Image: The new streamlined approach discovered for diagnosing and treating bowel cancer (Photo courtesy of University of Adelaide).
More than 4,000 Australians die from bowel cancer each year, and more than 17,000 new cases of this cancer will be diagnosed in 2018. Scientists are working to understand the genetic drivers of bowel cancer, with a special interest in those cancers which are the hardest to treat, and which have the poorest prognosis.

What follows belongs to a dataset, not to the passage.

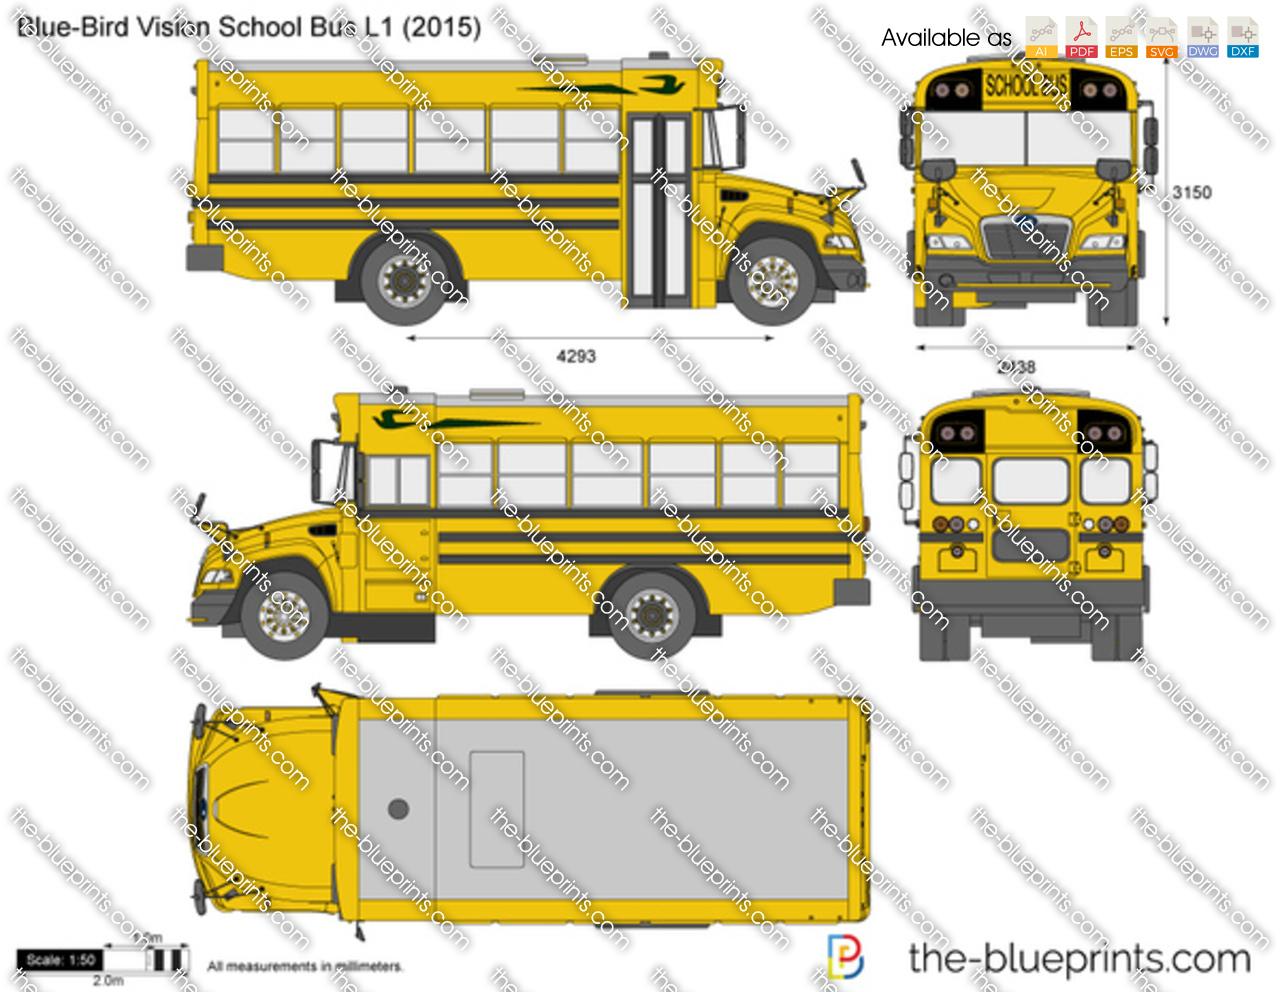 Blue-Bird Vision School Bus L1 2017

A new method helps determine which DNA changes are important to the cancer, in a fraction of the time, at less expense and using fewer animals than traditional genetically-engineered models that are used in cancer research. Analysis of the models, combined with patient data, has suggested potential drug vulnerabilities that are being tested.

An international team of scientists led by those at the University of Adelaide (Adelaide, Australia) have discovered a faster, more cost-effective way to determine which DNA mutations cause human bowel cancer. Serrated colorectal cancer (CRC) accounts for approximately 25% of cases and includes tumors that are among the most treatment resistant and with worst outcomes. This CRC subtype is associated with activating mutations in the mitogen-activated kinase pathway gene, BRAF, and epigenetic modifications termed the CpG Island Methylator Phenotype, leading to epigenetic silencing of key tumor suppressor genes. The team used organoid culture combined with CRISPR/Cas9 genome engineering to sequentially introduce genetic alterations associated with serrated CRC and which regulate the stem cell niche, senescence and DNA mismatch repair.

The scientists reported that targeted biallelic gene alterations were verified by DNA sequencing. Organoid growth in the absence of niche factors was assessed, as well as analysis of downstream molecular pathway activity. Orthotopic engraftment of complex organoid lines, but not BrafV600E alone, quickly generated adenocarcinoma in vivo with serrated features consistent with human disease. Loss of the essential DNA mismatch repair enzyme, MutL Homolog 1(Mlh1), led to microsatellite instability. Sphingolipid metabolism genes are differentially regulated in both our mouse models of serrated CRC and human CRC, with key members of this pathway having prognostic significance in the human setting.

The authors concluded that they had generated rapid, complex models of serrated CRC to determine the contribution of specific genetic alterations to carcinogenesis. Analysis of the models alongside patient data has led to the identification of a potential susceptibility for this tumor type. Susan L. Woods, PhD, a Senior Research Fellow and a study co-leader, said, “Now, we have rapidly made new models of bowel cancer that mimic the complex genetic (DNA) changes that we see in human tumors and recapitulate features of the human disease.” The study was published on April 17, 2018, in the journal GUT.